If you want to avoid the "dplyr" approach, a simpler version to get the mean of a variable is:
```{r}
mean(brexit$proIntegration, na.rm = TRUE)
```
Note that here we need to make the name of the data set explicit, otherwise R cannot find the "proIntegration" variable. Otherwise the command looks very similar.
One advantage of using the more complicated, "dplyr" approach, however, is that it will be easier to calculate statistics for different subgroups. For example, if we want to have the mean and median of pro-integration for different groups of voters, we can do this:
```{r}
brexit %>%
group_by(vote) %>%
summarise(meanProIntegration = mean(proIntegration, na.rm = TRUE),
medianProIntegration = median(proIntegration, na.rm = TRUE)) %>%
pander
```
Have a look at the density and box plots above and see if you can find some of these values in the plots as well, approximately.
## Dispersion
The mean and the median tell us something about the centre of the distribution. The second question is typically how much the observations vary around this central point. For that we can use a number of different statistics, such as the standard deviation and the variance:
```{r}
brexit %>%
summarise("standard deviation" = sd(proIntegration, na.rm = TRUE),
variance = var(proIntegration, na.rm = TRUE),
"interquartile range" = IQR(proIntegration, na.rm = TRUE)) %>%
pander
```
# Exercises
1. Create a new RMarkdown file for this lab and fill out the details in the header. Use it for the remainder of the questions.

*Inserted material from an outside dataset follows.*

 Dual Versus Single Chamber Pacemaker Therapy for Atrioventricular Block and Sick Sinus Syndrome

1. Produce a histogram and a box plot for the age variable.
1. Calculate the mean, median, and standard deviation for the age variable. How do these relate to the plots you just produced?

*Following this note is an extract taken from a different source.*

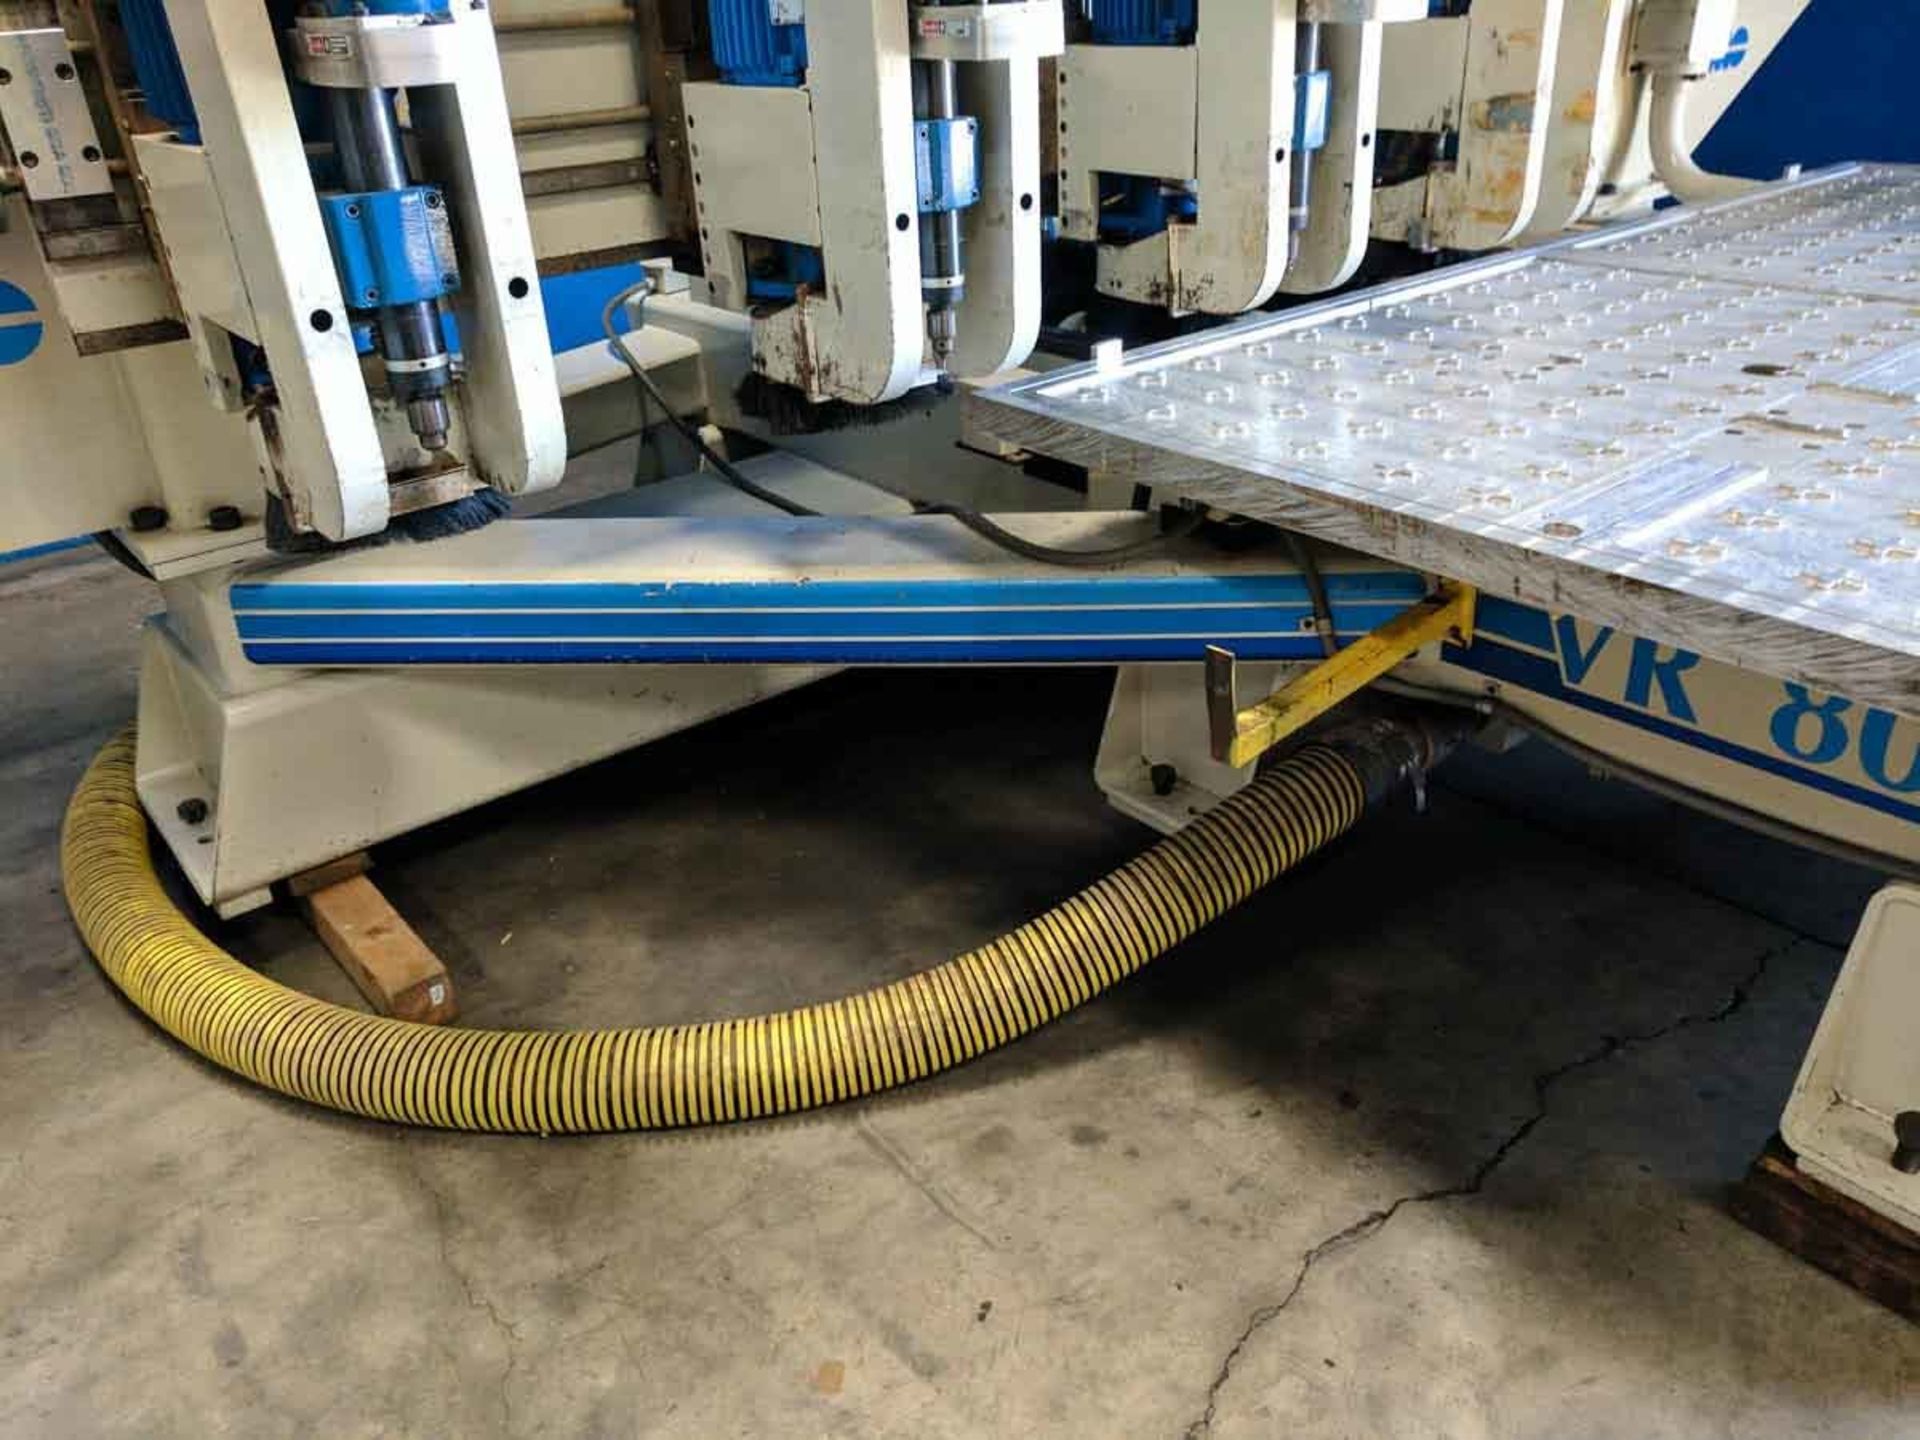 Komo VR805Q Fanuc CNC Metal Router 3 Axis 4 Spindle 96" x 60" Sheet Size - Located In: Huntington - Image 16 of 24

1. Calculate the same summary statistics for the age variable, for different parties. What do you conclude?
1. Create a series of box plots to see whether age distributions differ by party.
1. Use a frequency table to look at the higherEducation variable.
1. Use a density plot to investigate the relation between having higher education and pro-integration attitudes.
1. For all plots, add embellishments such as labels, colors, and titles.
1. If you have time left, investigate the distribution of other variables in the data set, using tables, summary statistics, and visualisations.